HS English for Academic Purposes (Josef Schmied)

"English for Academic Purposes" (EAP) is a big business and a daily challenge for students of English. To package information in an audience-/reader-specific, media-adapted and culturally acceptable form is however not only an "art", but also a "craft". In this course, students will learn secrets and strategies behind good writing and speaking in theory and try out "text optimisation" in practice. Linguistic concepts like theme - rheme, complexity, expliciteness and cohesion/coherence will be supplemented by discussions of style conventions and a critical analysis of common "research tools", like corpora and the WWW.

This block seminar will be in two parts: In the first part of the seminar we will discuss the role of writing (esp. our SPACE and Nordic Journal Corpora) and explain general principles of academic language using authentic texts.
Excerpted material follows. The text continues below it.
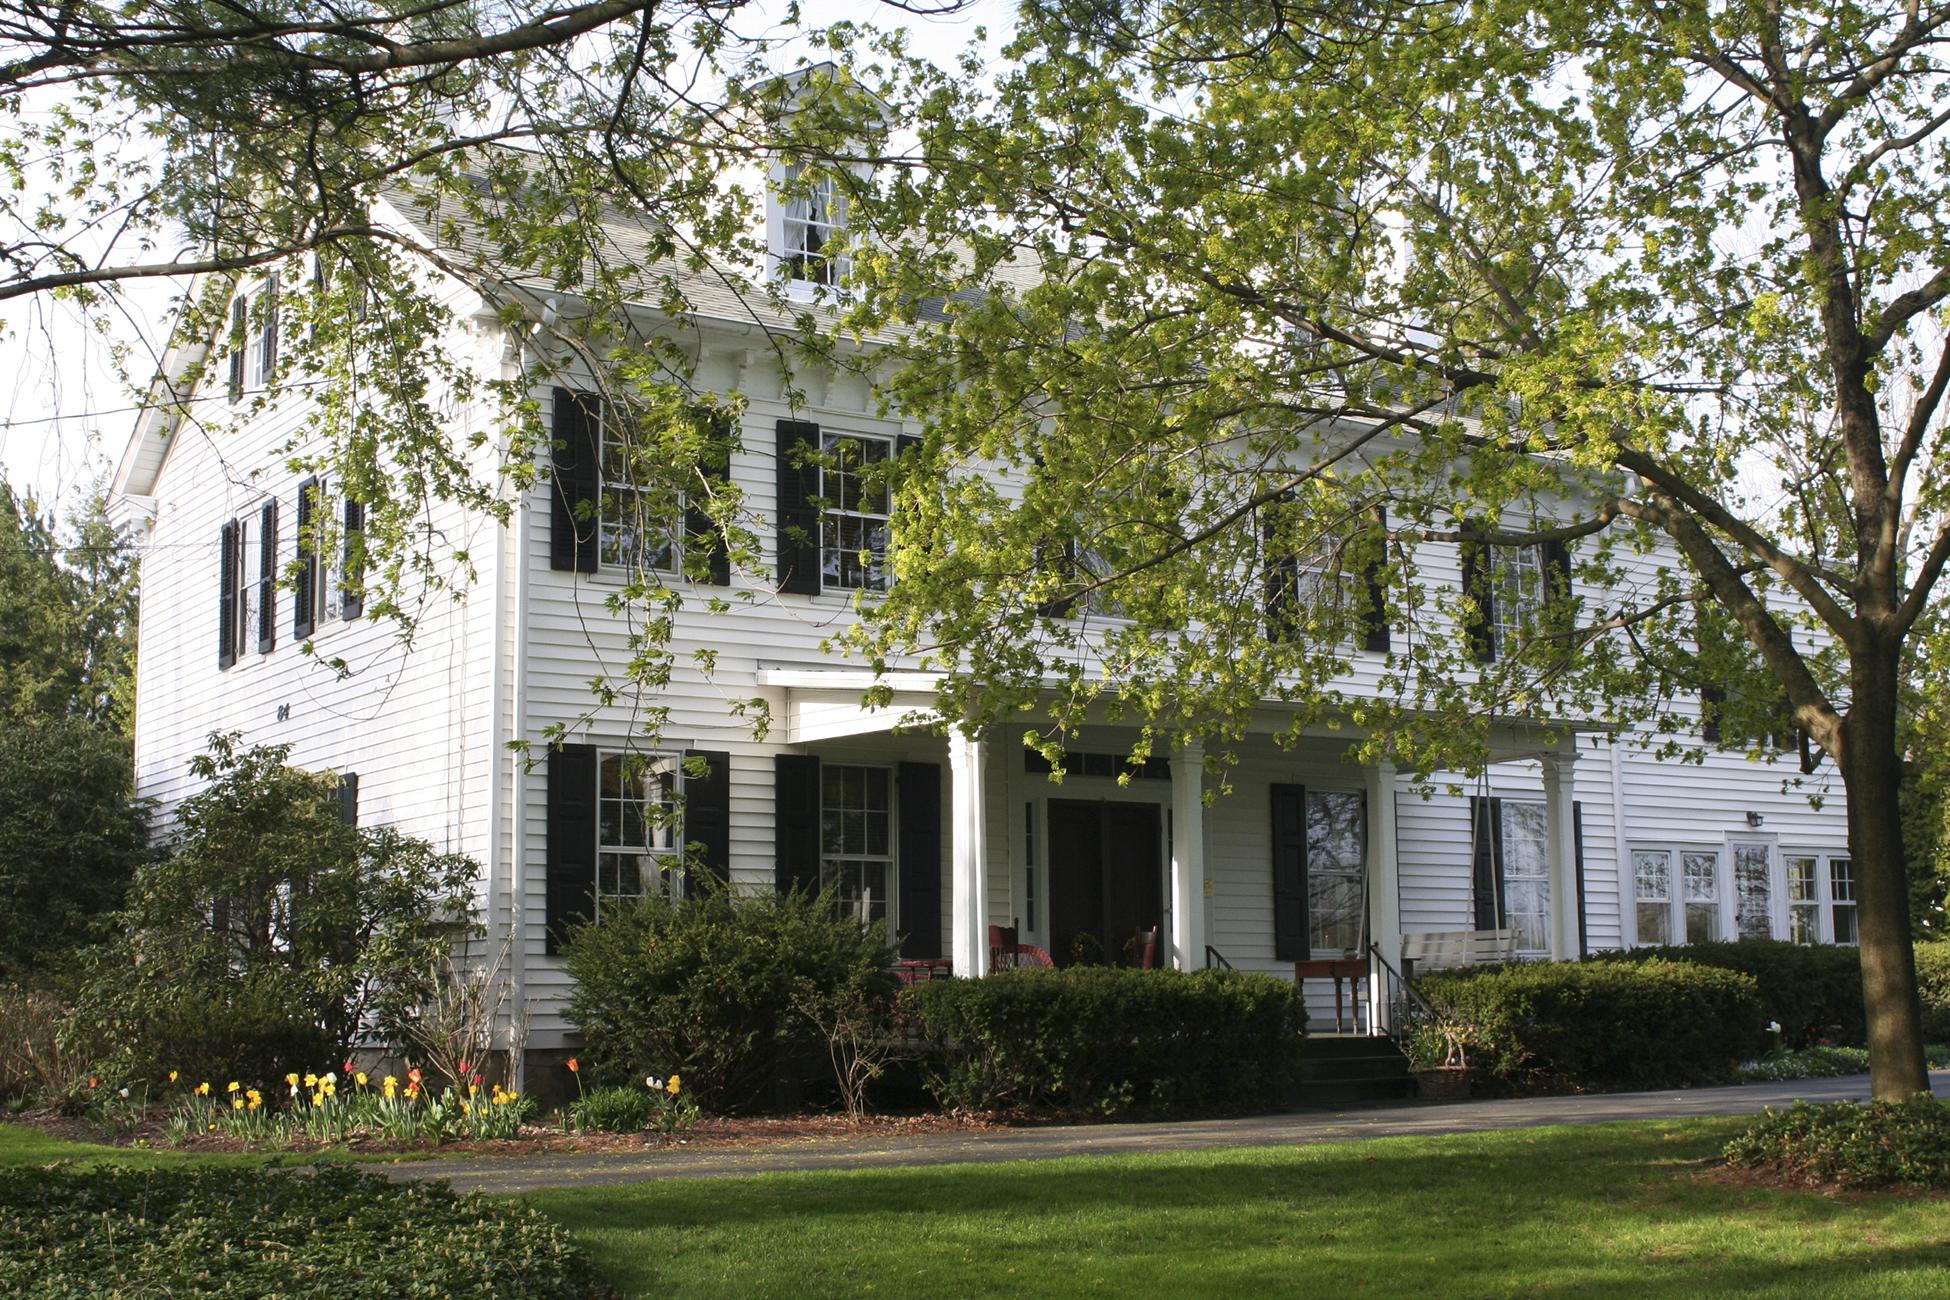 Tek Ailelik Ev için Satış at Historic Georgian Colonial 84 Walnford Road Allentown, New Jersey, 08501 Amerika Birleşik Devletleri

In the second part students will find their own academic texts (from various disciplines) and rewrite texts to increase their coherence, logical argumentation and reader-specific readability.
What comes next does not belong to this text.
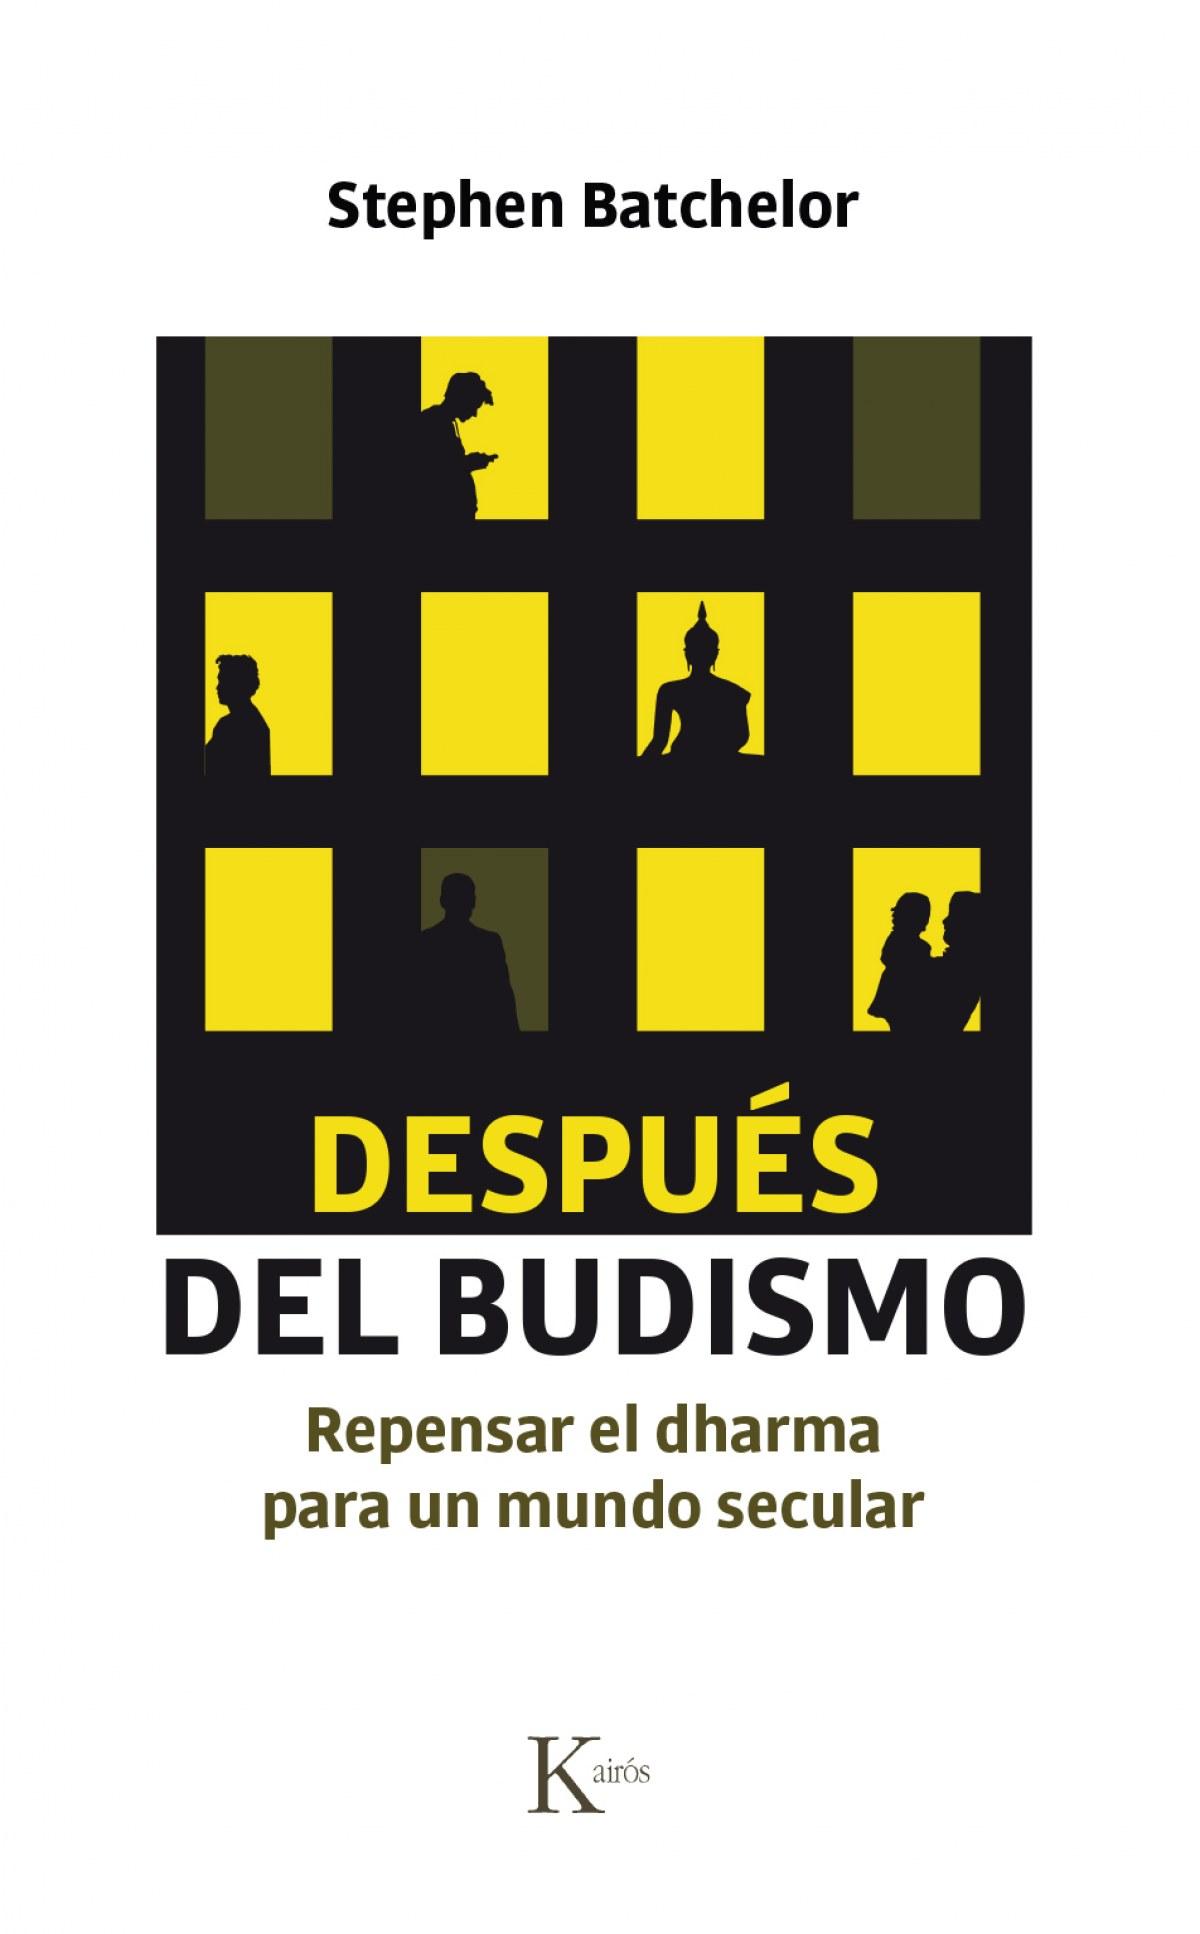 DESPUÈS DED BUDISMO

Results of the 1st meeting

Read the guidelines in this research colloquium:
https://twiki.tu-chemnitz.de/bin/view/English/ResearchColloquiumEnglishLanguageAndCulture

The SPACE Corpus (and the tool mentioned in the description below) is available here http://www.tu-chemnitz.de/phil/english/chairs/linguist/documents/Complexana.zip A description can be found here: http://www.helsinki.fi/varieng/journal/volumes/02/schmied/

Topics for student papers on the 2nd meeting RH39 / 538 Friday/Saturday, June 13, 2-7 p.m./June 14, 8.30 a.m.-7 p.m.
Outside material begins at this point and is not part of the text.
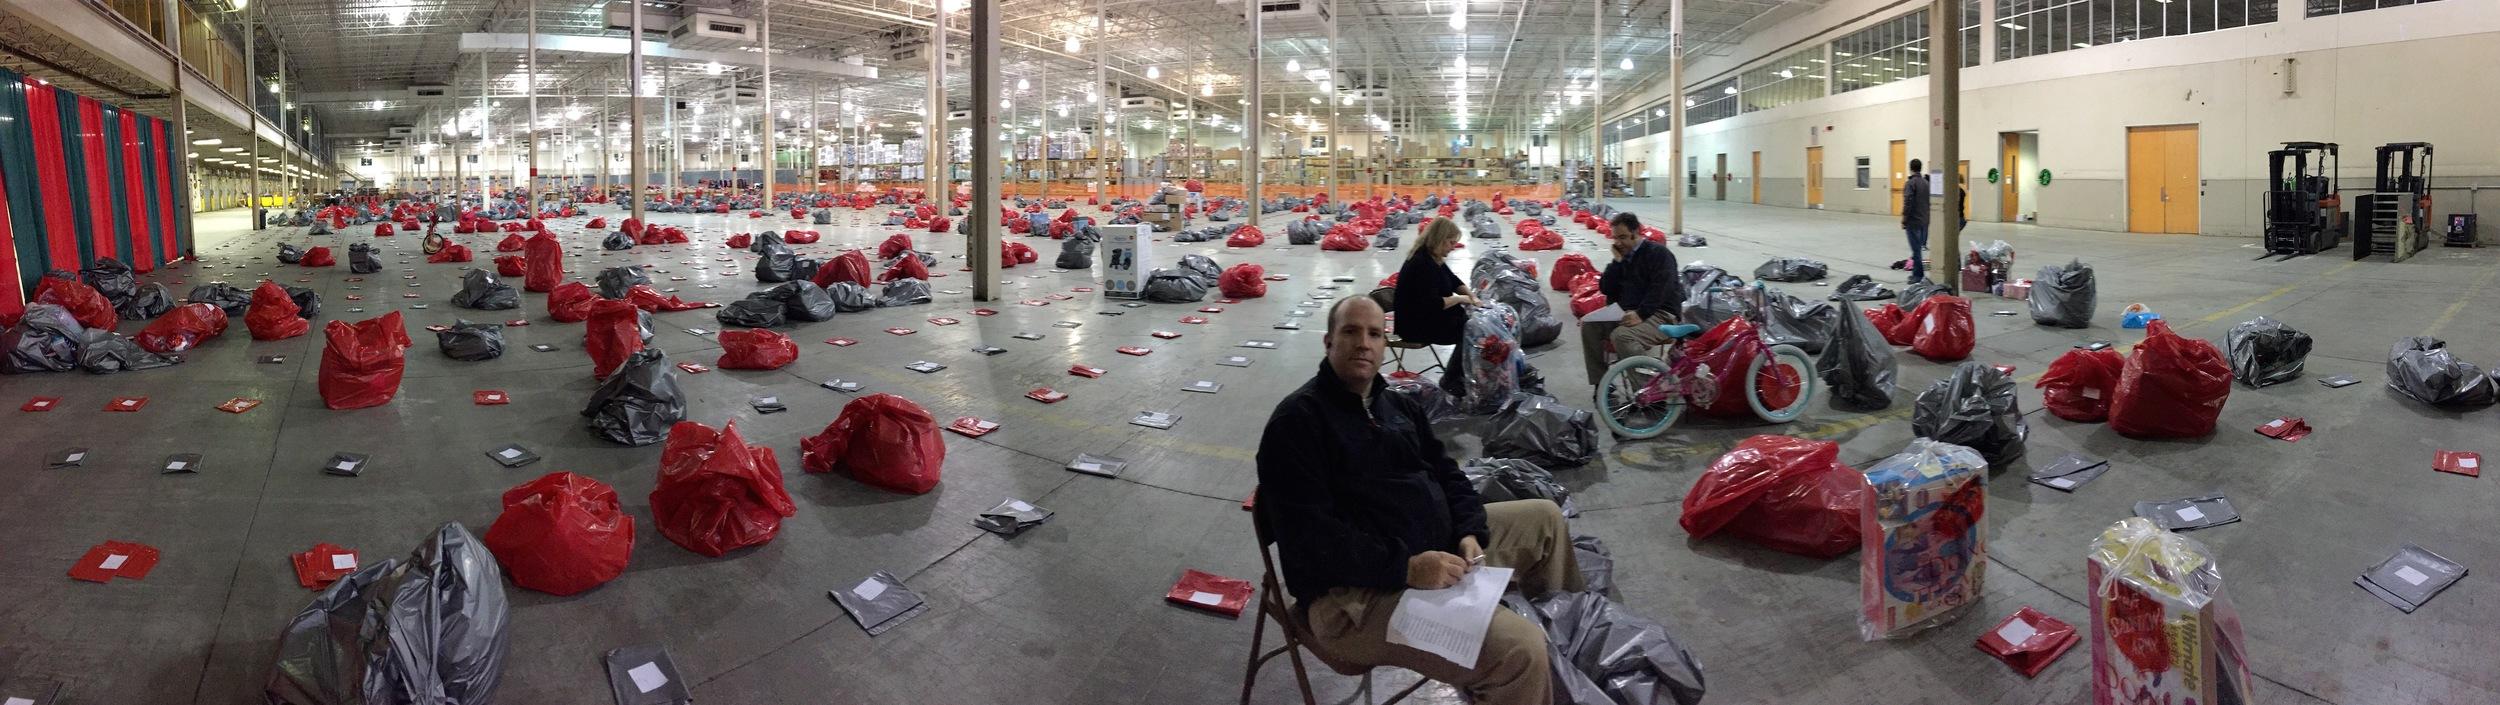 Panoramic-Warehouse.jpg

(I have tried to find "interesting" or challenging titles, but they can still be changed; they are more useful for the introduction or conclusion than for the statistical analysis anyway).

  • Modal auxiliaries may/might in the SPACE corpus: when is the researcher too careful? (Tamas Novak)
  • Modal auxiliaries can/could in the SPACE corpus: hedging or author commitment? (Madeleine Purfürst)
  • Modal auxiliary should in the SPACE corpus: hedging or reader involvement? (Uta Baumann)
  • Conjuncts in the SPACE corpus: is overt clause cohesion better than implicit relations? (Merve Karabag)
  • Personal references in the SPACE corpus: less researcher - more objectivity? (Antje Reitz)
  • Common vs. specific lexicon in the SPACE corpus: a comparison (Daniel Vulpius)

Instructions for 15-minute seminar presentations and (later) 20-page papers

Generally it is better to analyse a small topic well on the basis of good data and discuss the problem of "operationalising"* thoroughly in methodology than present a wide spectrum of what other people wrote. * to operationalise means generally, to make a concept "workable" in a certain context, in our case, in empirical linguistics, to operationalise means to define a concept by means of a suitable (representative?) databases and variables that can be measured directly, so that the analysis fits the data and the results can be interpreted as convincingly (statistical significance is better than plausibility, but that depends on the topic) supporting an argument, falsifying a hypothesis or solving a problem.

0) Look at the models here:
http://www.tu-chemnitz.de/phil/english/chairs/linguist/real/pages/student_projects.html
esp. Hoinka and Seidel
1) Try to understand the basic concepts of your topic by comparing standard reference grammars/dictionaries with secondary literature or good! WWW pages on the topic (all this goes into your bibliography).
2) Try to "operationalise" your topic, e.g. by checking in the database of
the SPACE corpus
that your queries find the cases you want by trying the concordance program
antconc
explained here:
http://ell.phil.tu-chemnitz.de/data/lingData.html
3) Select "typical" and "atypical" sample sentences and discuss them in your qualitative analysis
4) Try to find a quantitative comparison of the SPACE "genres" and the specialised - popular versions, put them in appropriate tables and discuss the significant differences you find.